O Planejamento estratégico é um processo gerencial que estabelece um direcionamento para ser seguido pela organização, ele tem como objetivo obter uma otimização na relação entre a empresa e seu ambiente, ou seja, o Planejamento estratégicoé o processo que instrumentaliza a resposta que a organização precisa apresentar ao seu ambiente diante de um contexto de mudanças.

Ele diz respeito à formulação de objetivos para a seleção de programas de ação e para sua execução, levando em conta as condições internas e externas à empresa e sua evolução esperada. Também considera premissas básicas que a empresa deve respeitar para que todo o processo tenha coerência e sustentação.

Além do compromisso de conquistar e reter clientes satisfeitos, as organizações bem sucedidas devem estar sempre prontas a se adaptar a mercados em contínua mudança. O planejamento estratégico orientado ao mercado cumpre exatamente esta função, pois busca manter uma flexibilidade viável de seus objetivos, habilidades e recursos enquanto mantem um compromisso com o lucro, o crescimento e sua missão organizacional. O estabelecimento de um planejamento estratégico envolve cinco atividades:

  1. Definição da missão corporativa.
  2. Análise da situação.
  3. Formulação de objetivos.
  4. Formulação de estratégias.
  5. Implementação, Feedback e controle.

Vamos tentar entender cada um desses ítens: (Fonte: Érick / Wikipédia / Introdução à Teoria Geral da Administração “7ª Edição” )

Missão corporativa

Qual é o nosso negócio? Quem é o cliente? O que tem valor para o cliente? A Missão corporativa deve responder a estas perguntas aparentemente simples, mas que estão entre as mais difíceis que uma corporação terá que responder.

Exemplo: “O propósito da EMPRESA, S.A. é atender de maneira honrosa as necessidades da comunidade, oferecendo produtos e serviços de qualidade superior a um preço justo e fazê-lo de modo a obter um lucro adequado para possibilitar crescimento da empresa como um todo e com isso fornecer a oportunidade para que nossos funcionários e acionistas alcancem objetivos pessoais razoáveis.”

A missão deve ainda ser definida em termos de necessidades e não produtos. Assim a Xerox não quer fabricar copiadoras, mas ajudar a melhorar a produtividade dos escritóriose a Missouri-Pacific Railroad não quer dirigir ferrovias, mas movimentar pessoas e bens.

As melhores missões são aquelas guiadas por uma visão utópica de realização, uma espécie de sonho impossível que fornece um direcionamento a longo prazo.

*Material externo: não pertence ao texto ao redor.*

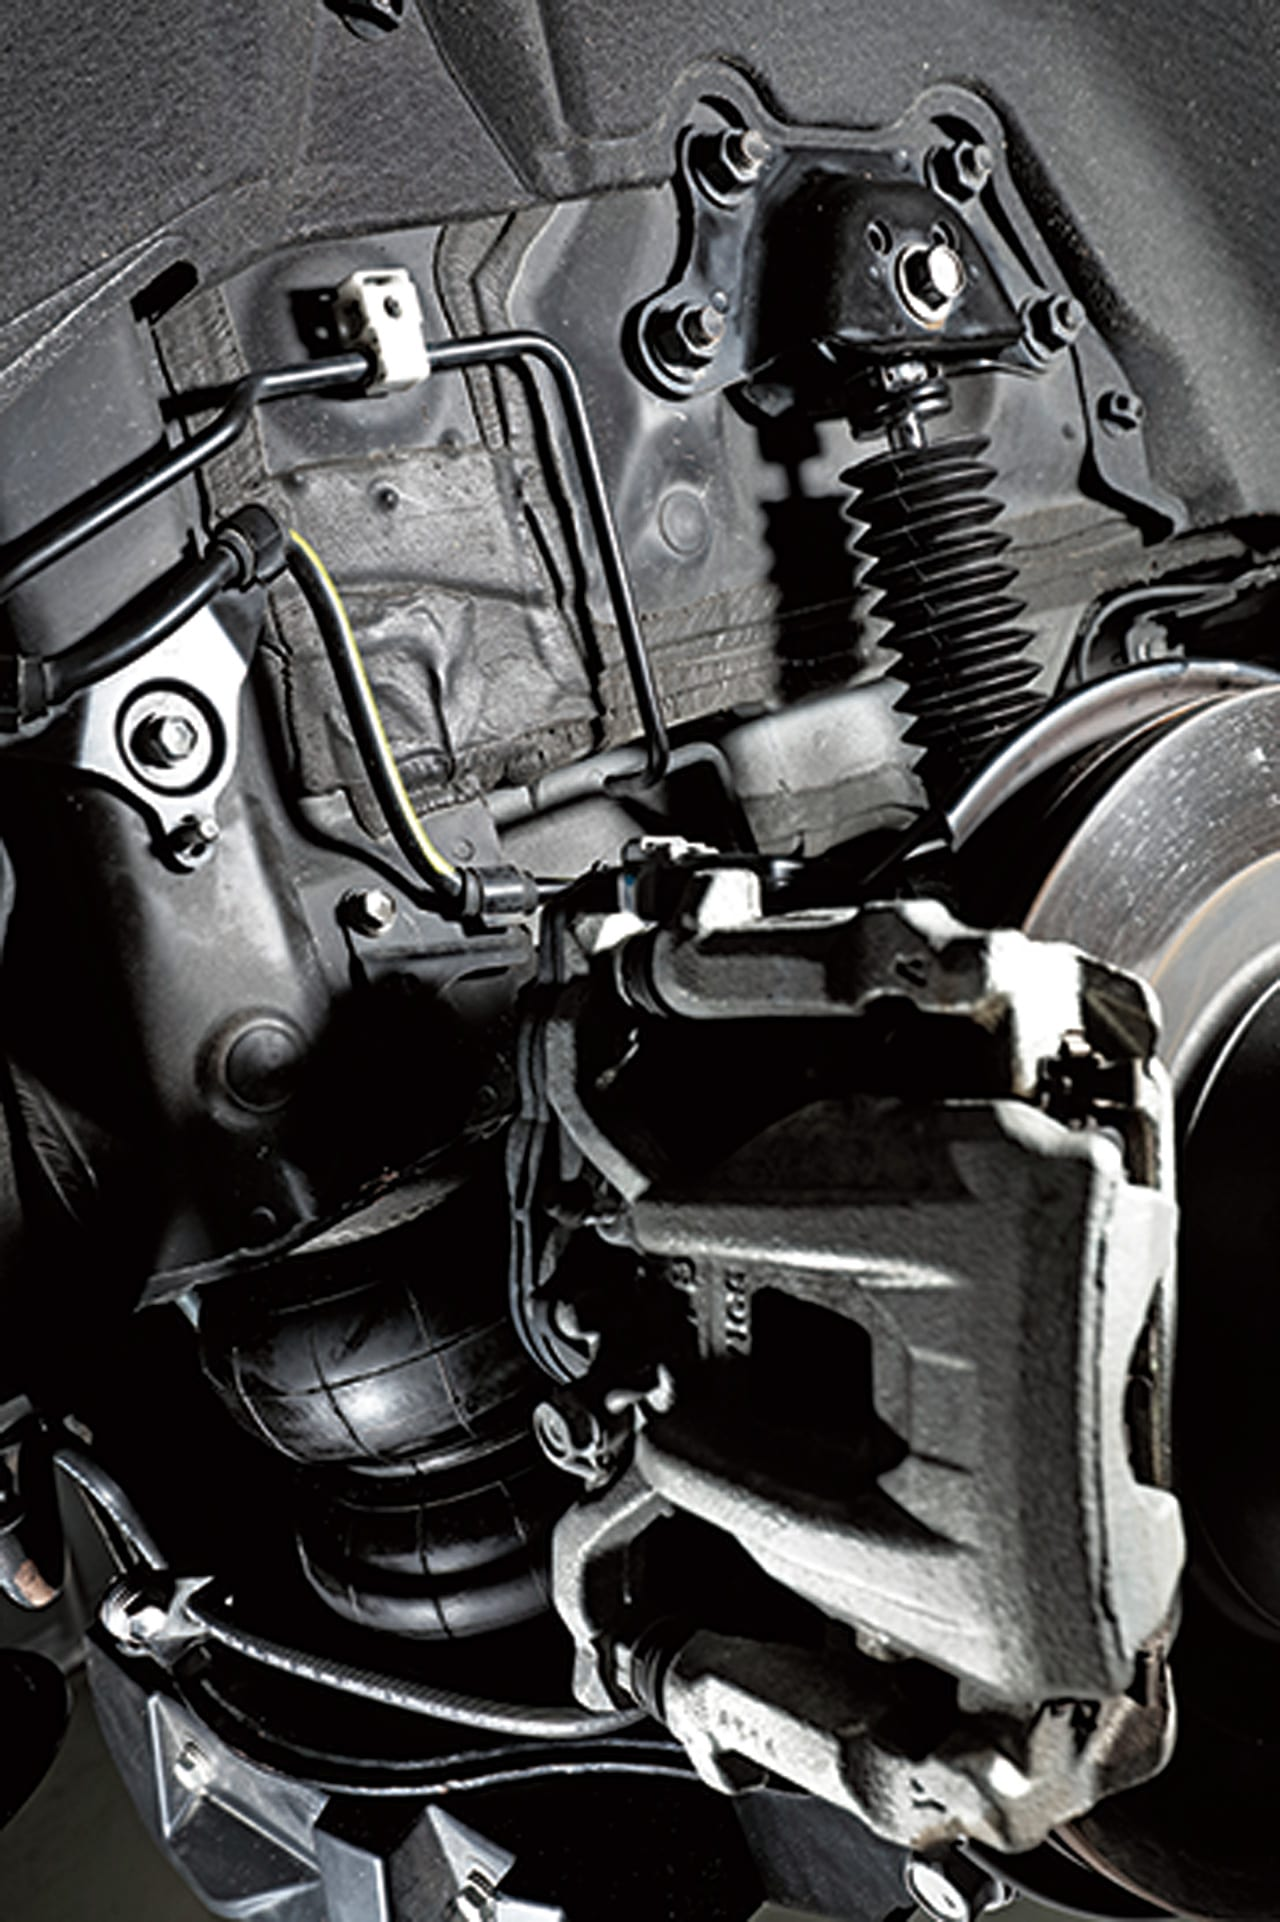 エアサスのファイナルアンサー! 新採用のリザーブタンク式ショック|30アルヴェル 足回り カスタム

É aquela que busca atender as necessidades dos clientes, dos acionistas, da sociedade e também dos funcionários.

Análise da situação

Aqui se apresenta os dados históricos relevantes sobre o mercado, a empresa e o produto. Faz-se uma análise de como o composto mercadológico tem sido usado, e têm-se uma visão de como a concorrência tem atuado. Neste momento é imprescindível o bom uso da pesquisa de mercado. A matriz BCG, a análise SWOT, e outras ferramentas de marketing são também usadas aqui para revelar o panorama macro e micro ambiental.

Análise Ambiental

O Marketing é afetado por uma gama de variáveis macroambientais que representam fatores existentes no contexto da empresa e que muitas vezes fogem de seu controle, mas mudam as intensidades, os costumes e os acontecimentos no processo de comercialização. Antever as mudanças, conhecer a situação atual aumenta as chances de um bom planejamento de marketing.

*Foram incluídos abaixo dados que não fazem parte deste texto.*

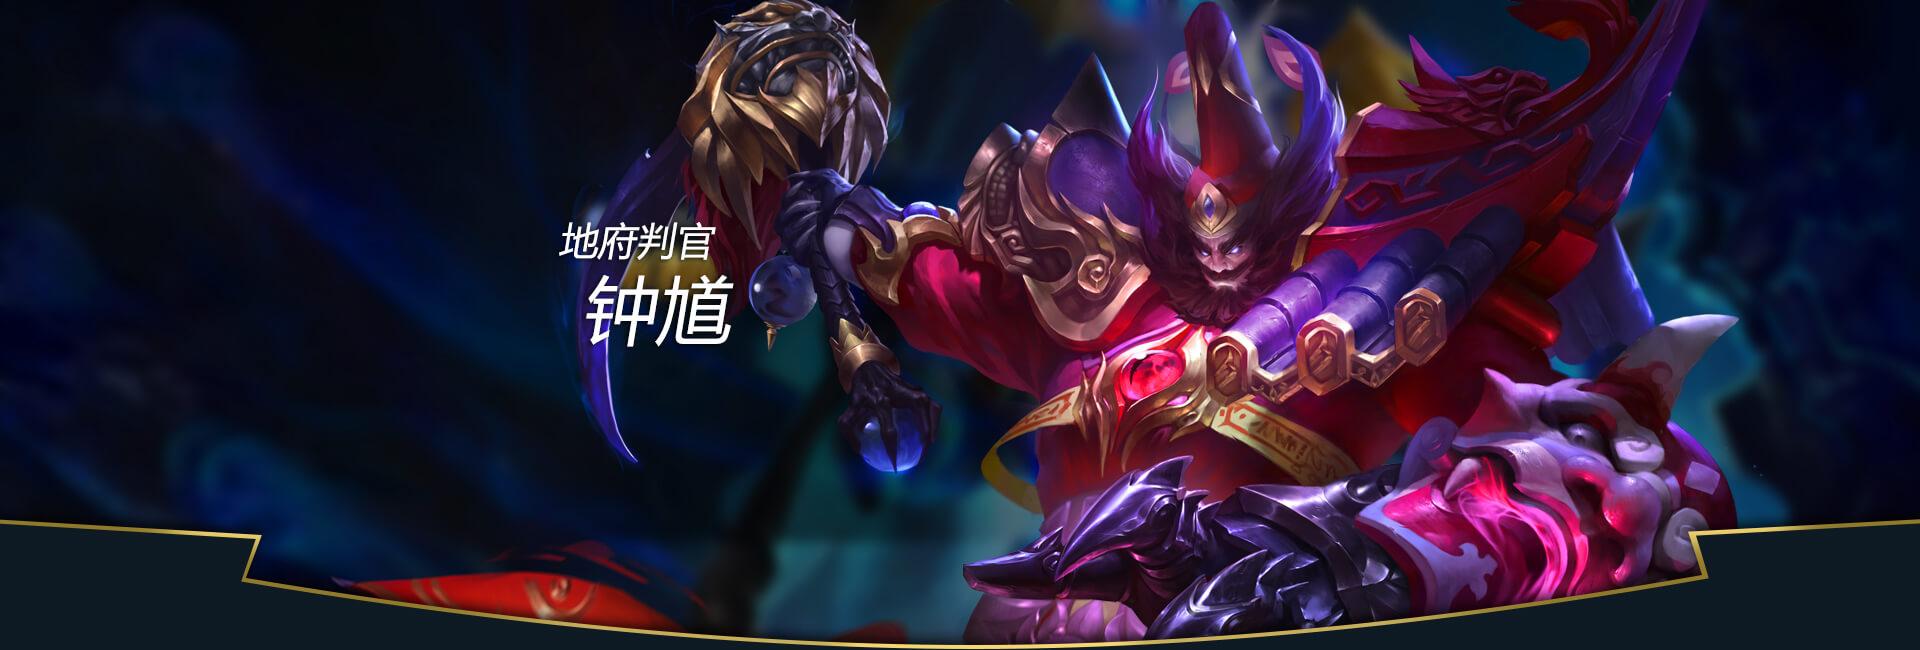 第2弹《王者荣耀英雄皮肤CG》竞技游戏149

Alguns fatores que devem ser levados em conta:

  • Variáveis Ambientais
  • Variáveis Culturais/Sociais
  • Variáveis Demográficas
  • Variáveis Econômicas
  • Variáveis Jurídicas/Políticas
  • Variáveis Psicológicas
  • Variáveis Tecnológicas

Análise SWOT

A análise SWOT é uma poderosa ferramenta de marketing, e deve ser realizada ao menos uma vez por ano, durante o planejamento estratégico de marketing ou apenas planejamento estrategico. A sigla SWOT, vem das iniciais das palavras inglesas Strenghts(forças), Weaknesses(fraquezas), Opportunities(oportunidades) e Threats(ameaças), pois estes são justamente os pontos a serem analisados.

Ameaças e oportunidades- Uma das partes da análise SWOT é o estudo do ambiente externo à organização em busca de ameaças e oportunidades. Trata-se da análise daquilo que está sempre fora do controle das empresas, mas que é importante de se conhecer e monitorar. Entre as forças a serem consideradas estão os fatores demográficos, econômicos, históricos, políticos, sociais, tecnológicos, sindicais, legais, etc…

As fontes para esta análise serão tiradas da grande imprensa, dos orgãos governamentais, dos indicadores financeiros, das organizações correlatas e das revistas e associações especializadas no seu campo de atuação.

As ameaças e oportunidades sempre afetam de forma homogênea todas as organizações que concorrem num mesmo mercado-alvo. Contudo as organizações que perceberem as mudanças e tiverem agilidade para se adaptarem, serão aquelas que melhor proveito tirarão das oportunidades e sofrerão menor dano das ameaças.

Esta análise deve levar em conta não somente as tendências que afetam a organização, mas também a probabilidade destas tendências tornarem-se eventos reais. Desnecessário dizer que deve-se dar maior atenção às tendências com maior probabilidade de acontecer, para assim evitar as ameaças reais e explorar as oportunidades da melhor maneira possível.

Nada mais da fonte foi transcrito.